Only(major) parts of it are doing this and it sure looks weird having a part of a leaf in almost perfect condition with pieces of it gone.
The plant(s) affected have had multiple light changes over the past 4 weeks but are now back to their original light. Seems fairly
likely to be chemical burn as I have(Java Fern don't get nutrients from gravel mostly rather water) Eco-Complete over Pure Laterite
for substrate and dose Pride/Flourish Comprehensive weekly but just ADDED API Leaf Zone like an idiot. Surely if some is good
then 39 gallons would be great...LOL...my favorite saying...experience is the best school but has the highest tuition.


----------



## Goby (Mar 21, 2012)

Raymond S. said:


> Only(major) parts of it are doing this and it sure looks weird having a part of a leaf in almost perfect condition with pieces of it gone.
> The plant(s) affected have had multiple light changes over the past 4 weeks but are now back to their original light. Seems fairly
> likely to be chemical burn as I have(Java Fern don't get nutrients from gravel mostly rather water) Eco-Complete over Pure Laterite
> for substrate and dose Pride/Flourish Comprehensive weekly but just ADDED API Leaf Zone like an idiot.

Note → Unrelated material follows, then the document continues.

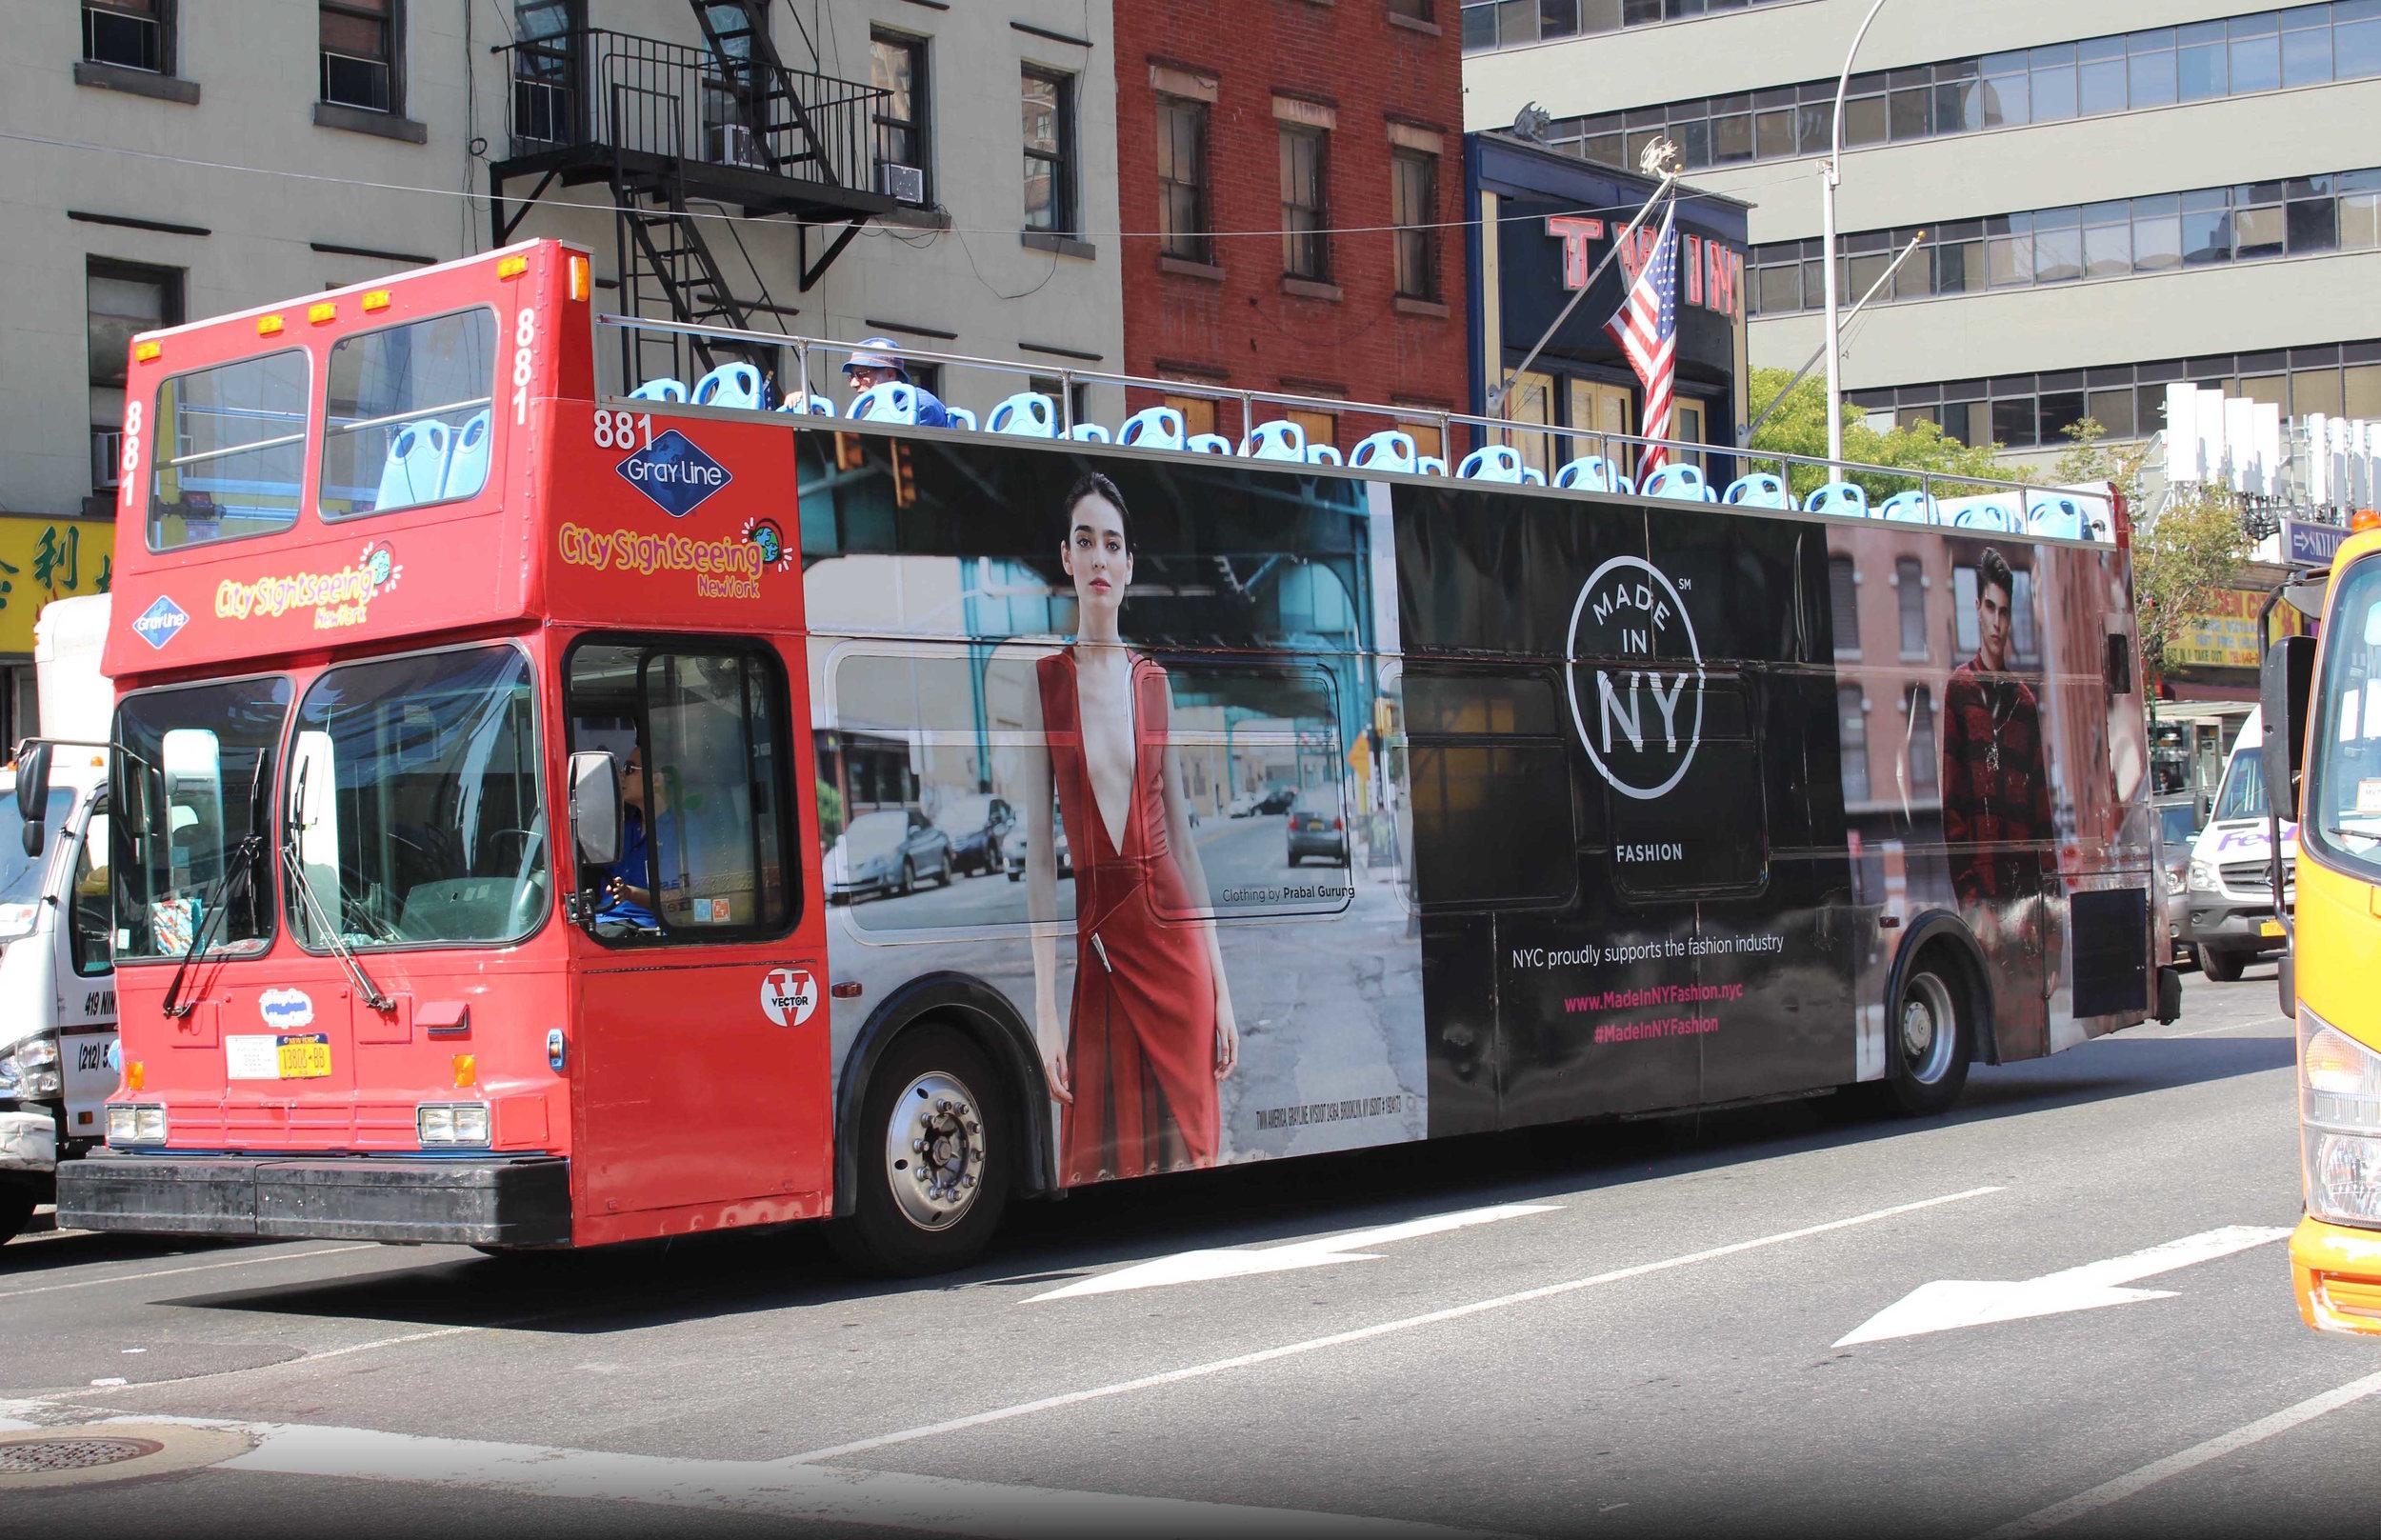 NYC,DD,FW,MadeinNY,fashionweek,2,9.15 copy.jpg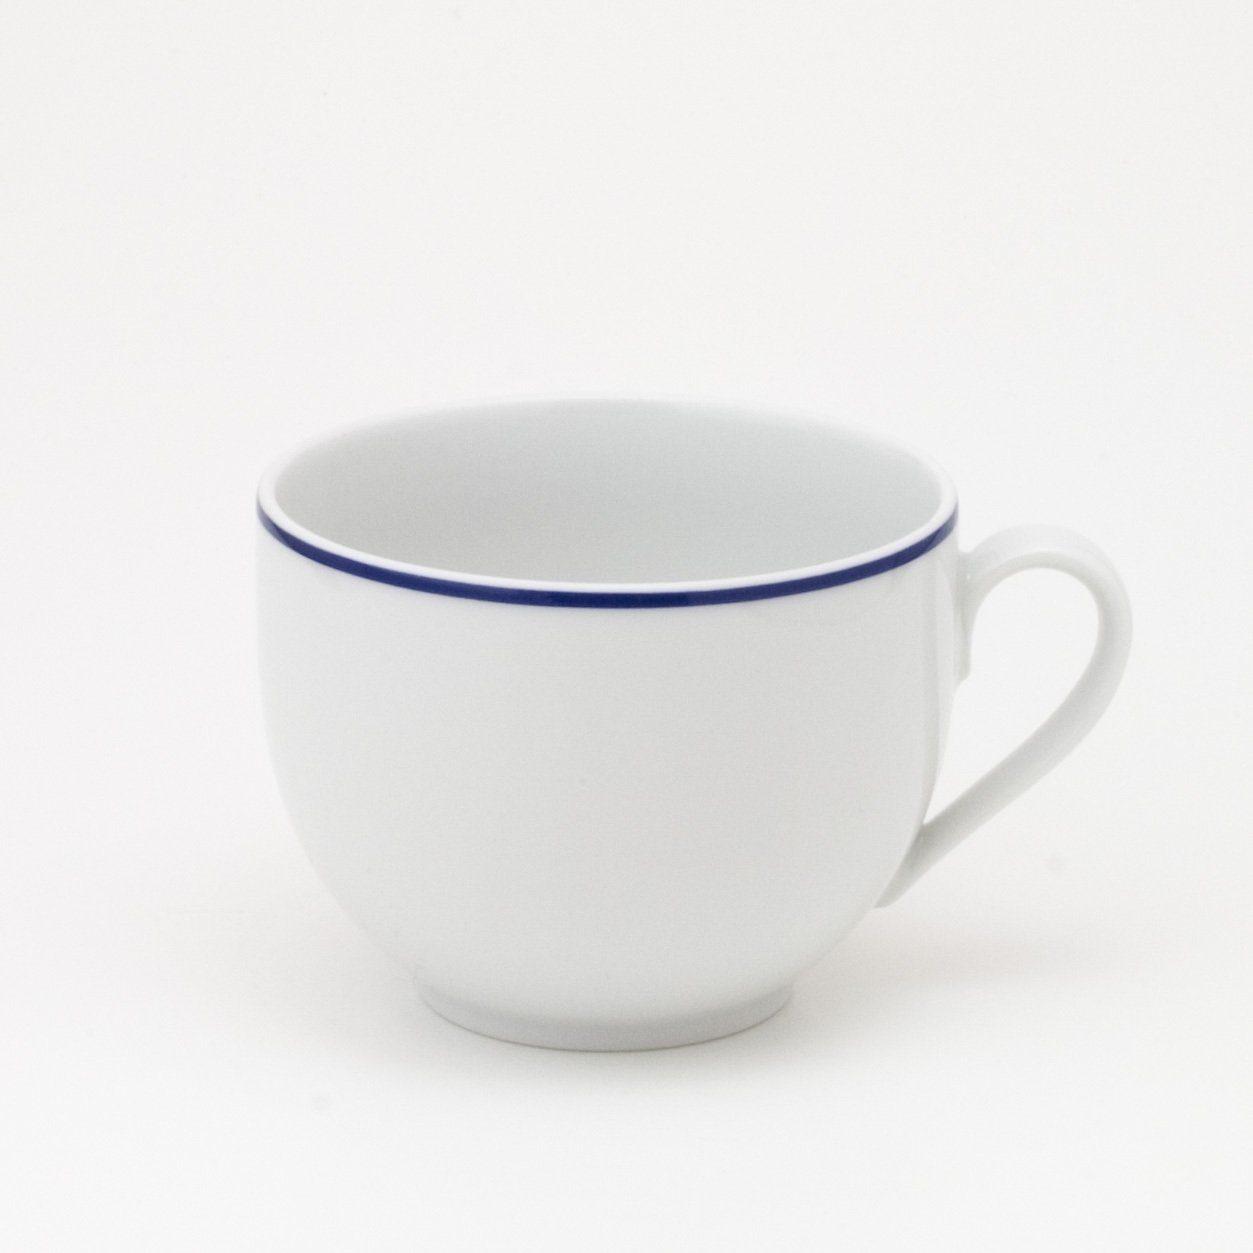 Kahla Kaffee-Obertasse »Aronda Blaue Linie«

Surely if some is good
> then 39 gallons would be great...LOL...my favorite saying...experience is the best school but has the highest tuition.


Oh you took the words right out of my mouth! (...or would that be off my fingertips?)

I wouldn't even know how to act if I succeeded at something on the first try. And adding more will surely work better...right? Yeah, I totally get you. :fishGreen:


----------



## jrman83 (Jul 9, 2010)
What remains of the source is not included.